Before an estate is distributed, debts and taxes must be paid. In
addition, certain allowances are made to the surviving spouse so
that he or she will have sufficient funds to use while the estate
is being settled. These include Homestead Allowance, an Exempt Property
Allowance, and a Family Allowance up to a reasonable amount. After
these allowances, debts and taxes have been paid, the property is
distributed as follows:
1. If you leave a spouse, but no children
and no parents, your spouse will receive all of your property.
2. If you leave a spouse and no children, but you have a surviving
parent or parents, your spouse will receive the first $50,000
of your estate plus one-half of your remaining property. Your
parent or parents will receive the other half.
3. If you leave a spouse and one or more children, and your spouse
is the parent of all of the children, your spouse will receive
the first $50,000 plus one-half of your remaining property.
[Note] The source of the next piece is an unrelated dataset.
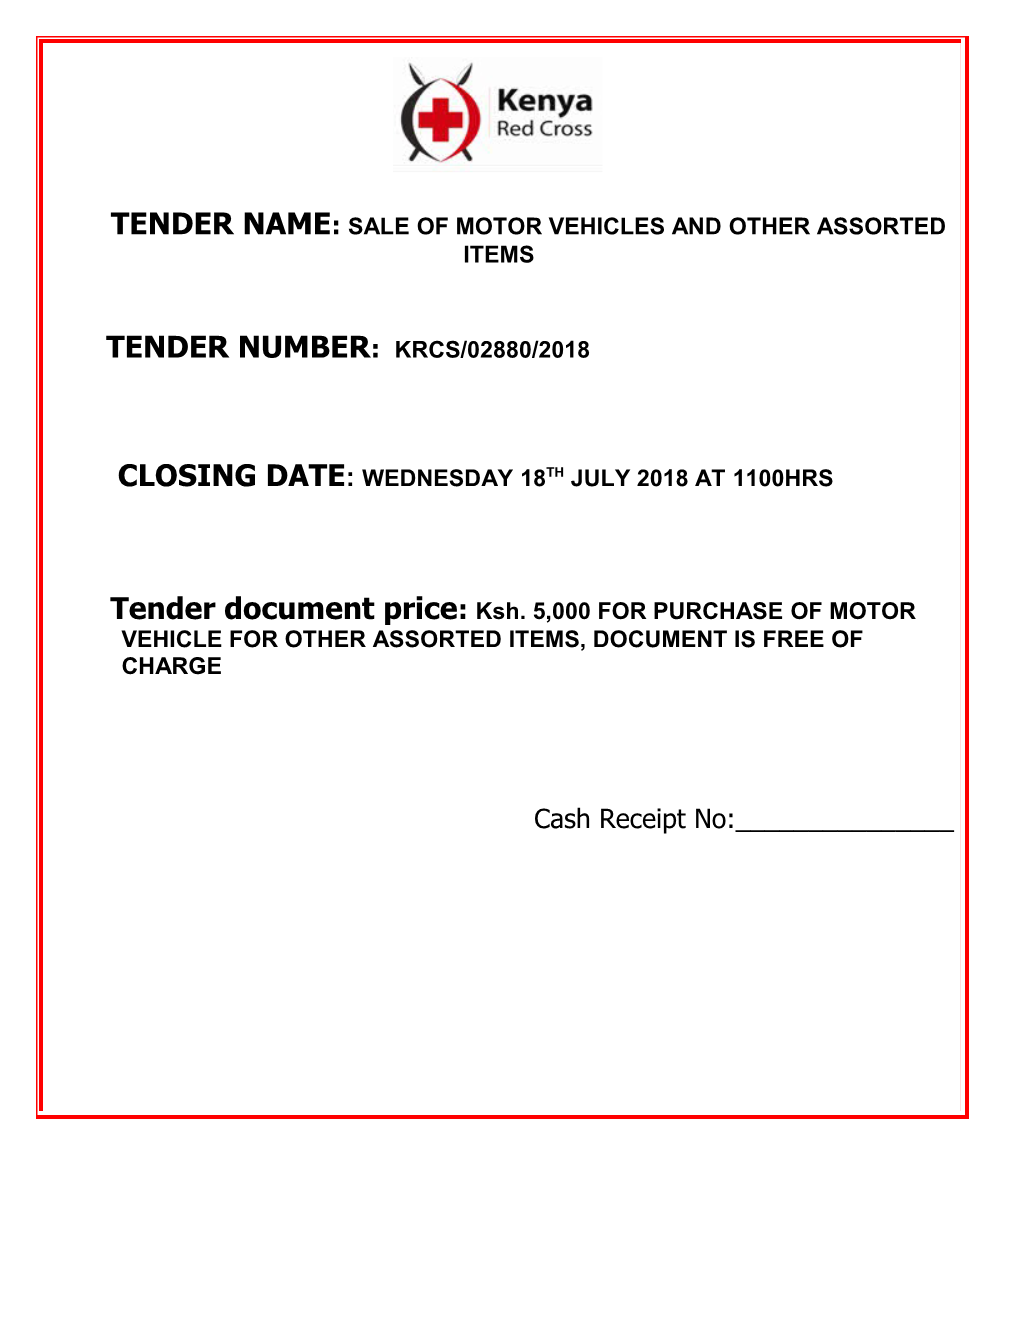 Tender Name: Sale of Motor Vehicles and Other Assorted Items

Your
children will receive the other one-half divided equal shares.
4. If your spouse is not the parent of all of your children, your
spouse will receive one-half of your estate and your children
will receive the other one-half in equal shares.
5. If you leave no spouse, your children will receive all of your
property in equal shares. If you leave no spouse or children,
then your grandchildren will receive your property in equal shares.
If you have no grandchildren, your parents will receive your property.
6. If you leave no spouse, children, grandchildren, or parent,
your estate would go to your next of kin, as defined in Nebraska
law. The portion of your estate that a relative would receive
would depend upon how closely he or she is related to you.
The law provides only a rigid
formula, and makes no exceptions for those in unusual need. The
failure to make a will could mean hardships and added expense for
your immediate family, and benefit some relatives you may not even
know.
The laws make no provisions for friends, business associates, charitable
institutions, schools or churches, and they treat all types of property
the same. There are no special provisions for family heirlooms or
jewelry or a family business, for example. They also fail to consider
the different needs of different beneficiaries, some of who may
need protection against their own spending habits or the exorbitant
demands of a husband or wife. The only way to handle these special
situations is to through a carefully planned will.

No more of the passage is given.